Emergency drugs that are stored in carts or tots should be arranged in alphabetic order, and a list of the drugs, their indications, dosage, and typical volumes administered to an average 450-kg adult or 50-kg foal can be laminated and stored with the drugs for quick reference (Figure 33-77). Table 33-2 is a list of emergency drugs commonly used in equine practice.
Considerable misconceptions exist as a result of the lack of specific published recommendations on the transport of critically ill or injured equine patients. Too often veterinarians are reluctant to recommend and clients are apprehensive about transporting patients to the hospital for definitive care because of the fear of injury during transport. These fears are often unfounded, and the risk of transport seldom if ever outweighs the benefit of appropriate treatment. Although trailering is an athletic event with the horse needing to balance its weight, sometimes on three legs through turns and sudden stops, most horses withstand transport well as long as appropriately prepared and hauled.
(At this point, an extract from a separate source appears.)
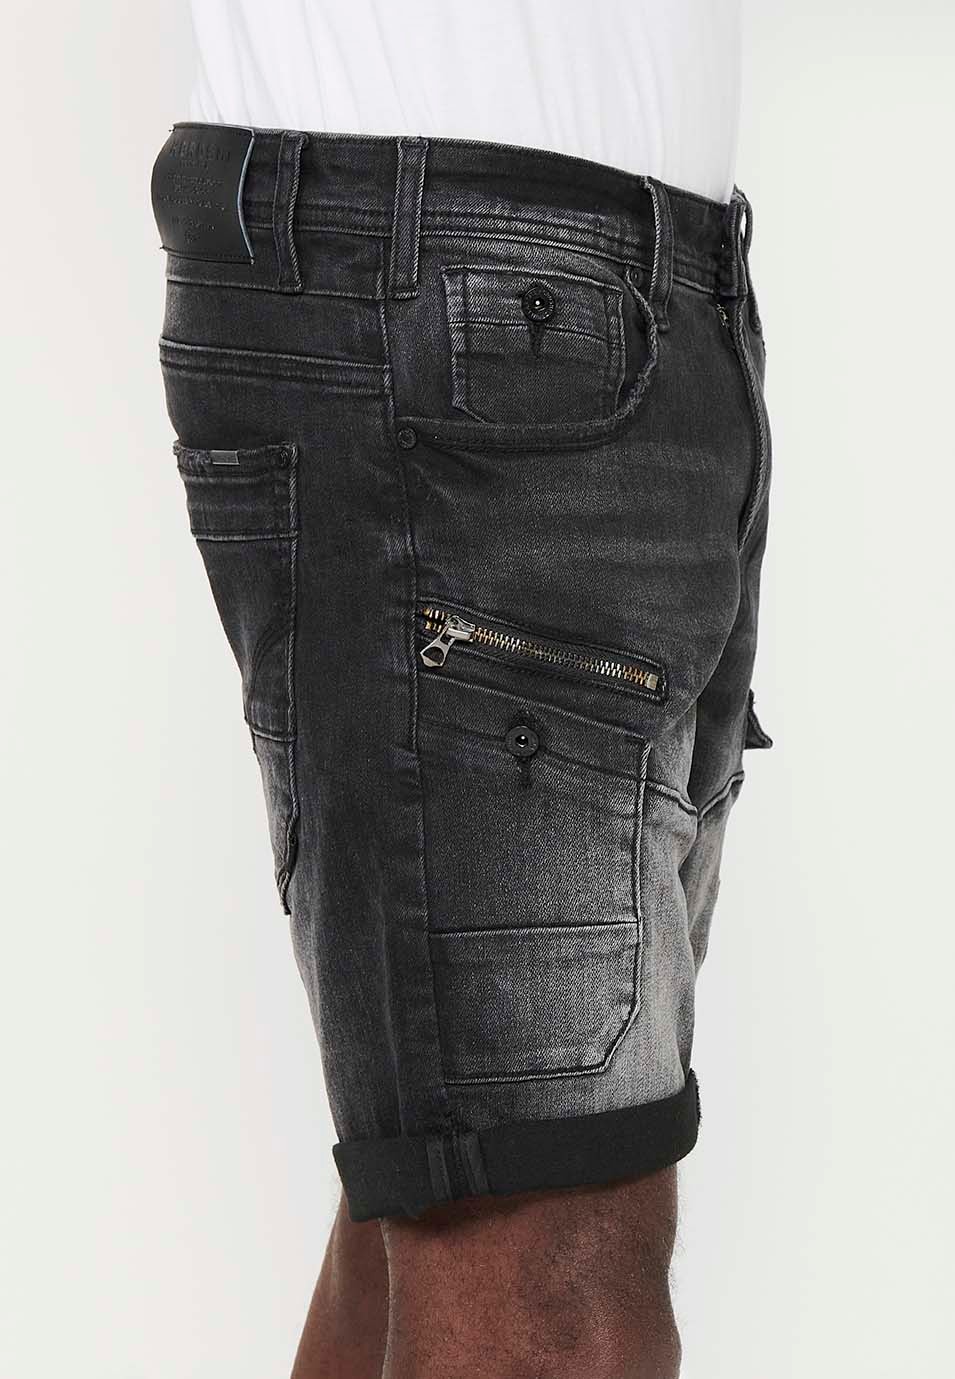 Shorts with Turn-up Finish and Front Closure with Zipper and Button with Five Pockets, One Pocket Pocket and Front Details in Black for Men 7

Preparation for transport is dependent on the type of emergency. Owners should be instructed at the time of the initial call as to the safest, most appropriate means of hauling their horse. If referring an emergency to another hospital, the referral hospital should be contacted before transport and any specific instructions for transport obtained.
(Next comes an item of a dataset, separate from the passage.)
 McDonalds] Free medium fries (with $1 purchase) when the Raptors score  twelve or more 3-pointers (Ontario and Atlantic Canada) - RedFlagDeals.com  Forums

It is vitally important that the person hauling the sick or injured horse be provided with accurate, easy-to-follow directions to the hospital, and contact telephone numbers should be provided in the event that the driver becomes lost, the horse's condition deteriorates, or the horse dies in route. The driver should also be instructed to call the practice when they are estimated to be within 15 to 30 minutes of the practice or if the horse dies. The following are recommendations
for the transport of horses suffering from specific emergency conditions.
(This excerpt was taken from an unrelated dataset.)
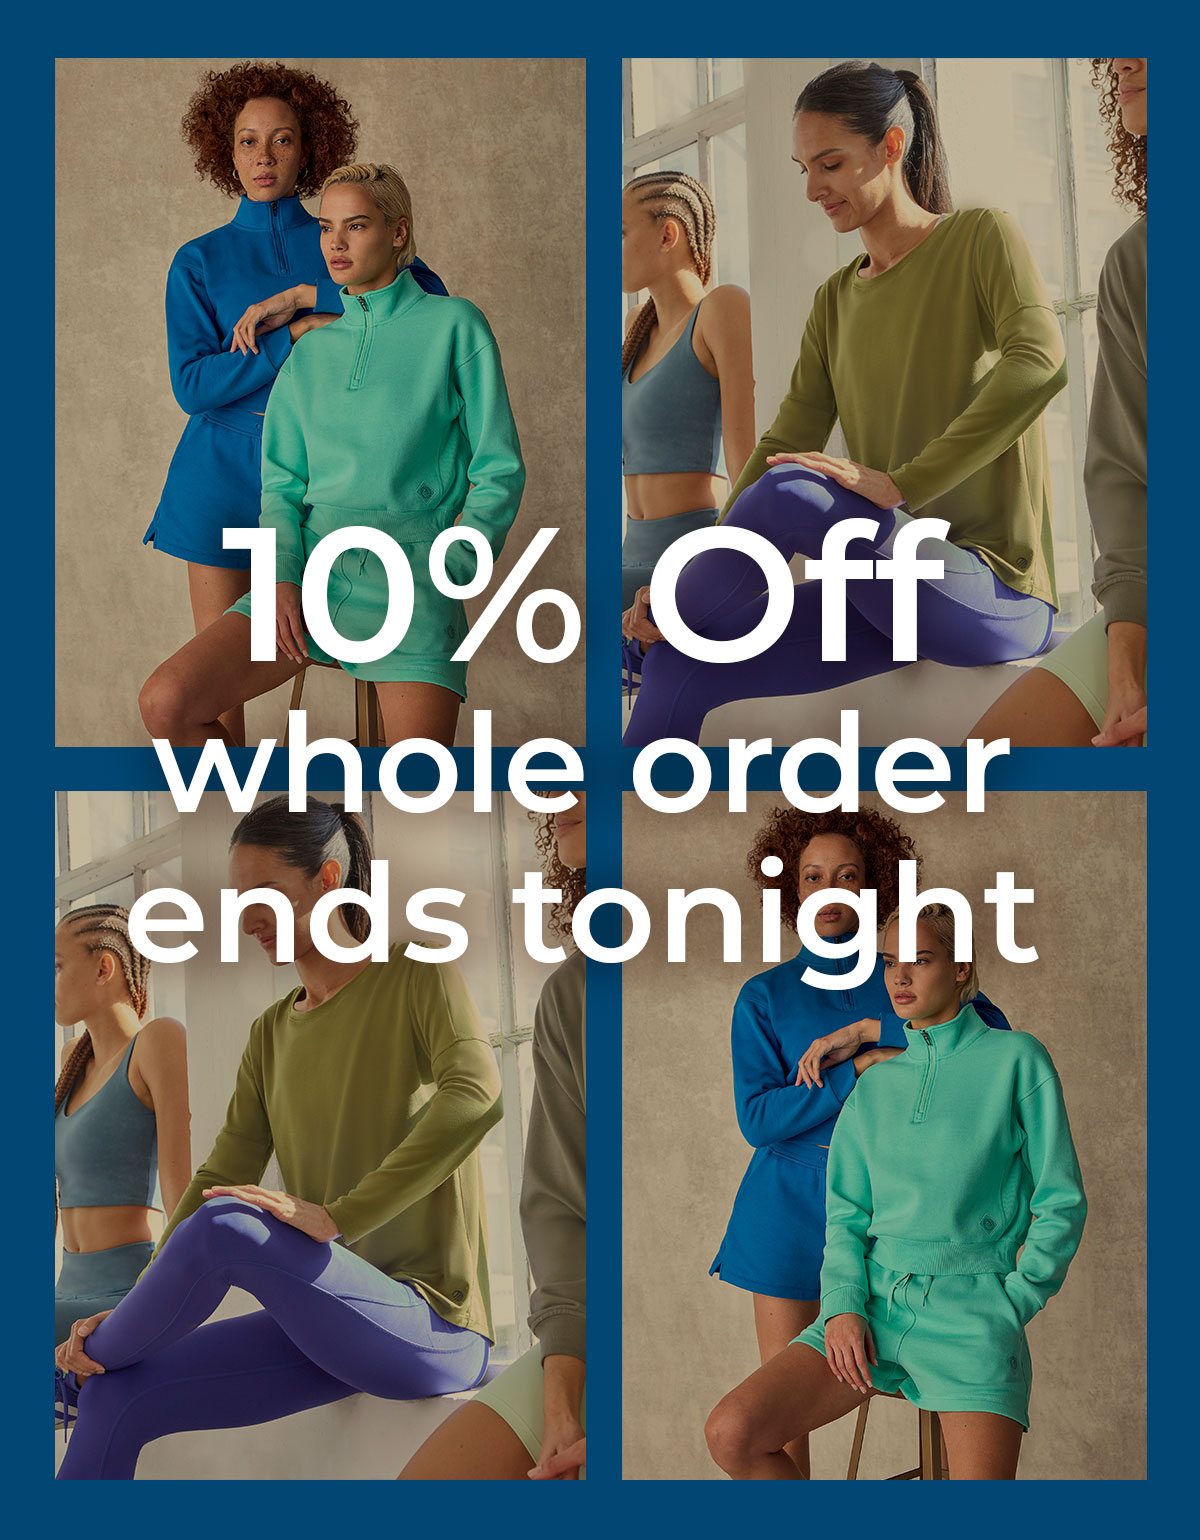 10% Off whole order end tonight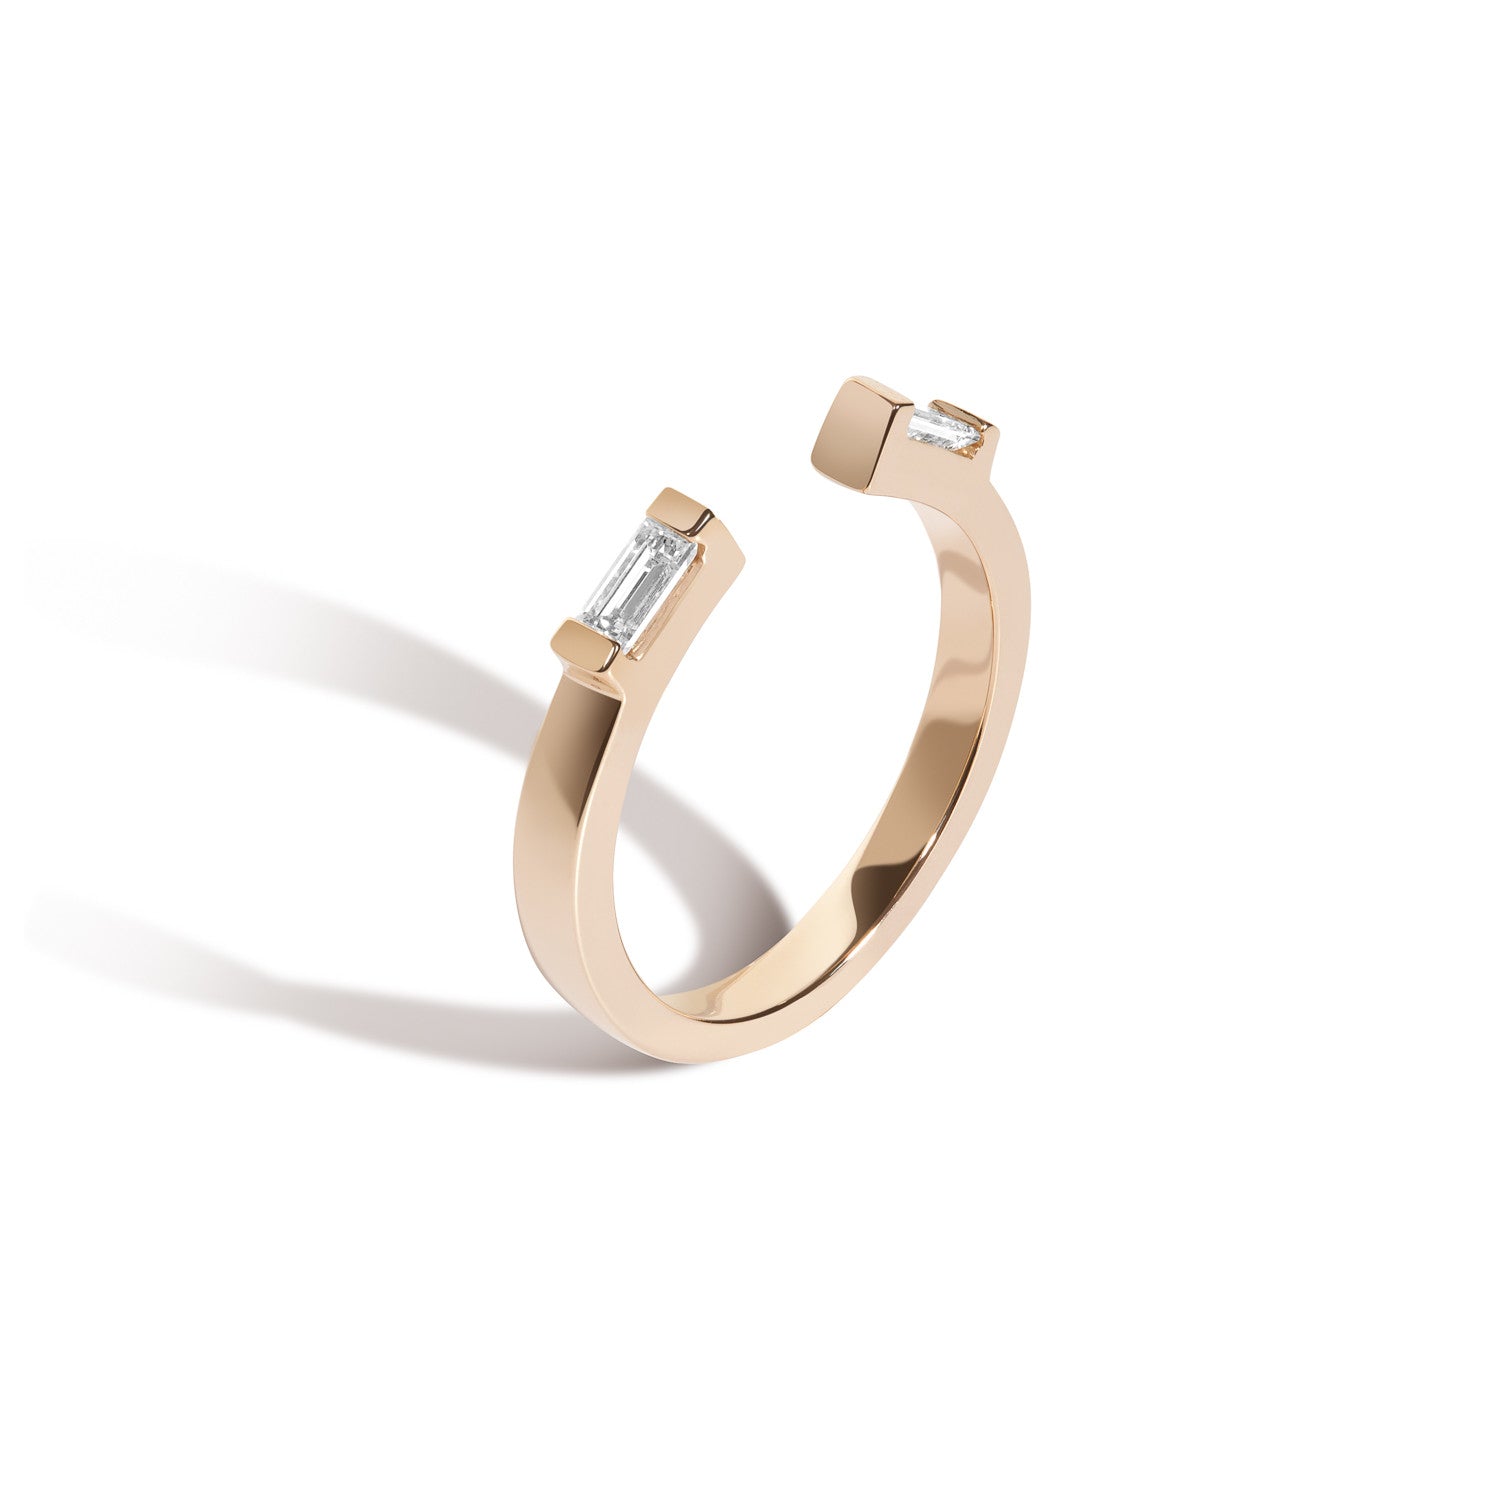 Shahla Karimi Jewelry 14/18K Yellow Gold Rockefeller No.1 Open Ring with Diamond Baguettes - Side View

Clients often are fearful of transporting patients with severe abdominal pain. In particular those patients that frequently lie down. Although there are risks in hauling these patients, even the most painful and sickest horses usually endure the trailer ride. The horse's concentration is often drawn away from its abdominal pain by the necessity to maintain balance. Patients suffering from dehydration or shock will benefit from the administration of IV crystalloid fluids and hypertonic saline solutions before loading on the trailer. These patients are best hauled in a slant load or two-horse trailer with chest and rear bars to allow the horse to lean as desired. Horses with severe abdominal pain can also be hauled in an open stock trailer to allow them to lie down, if desired. Horses can be mildly sedated and NSAIDs administered to relieve pain. If the trailer ride will last longer than the expected action of the sedation, the hauler may be provided with additional doses of a medication, such as xylazine, that can be administered intramuscularly. The hauler can stop at set intervals to check on the condition of the horse and readminister sedation if needed. In extreme cases, IV fluids may be provided to horses during transport. Fluids may be hung from the ceiling of the trailer; however, a plan for regularly scheduled stops must be made to ensure that the fluids do not run out and allow blood to back up and obstruct the catheter. Colic horses should also have a nasogastric tube passed and gastric reflux removed immediately before loading.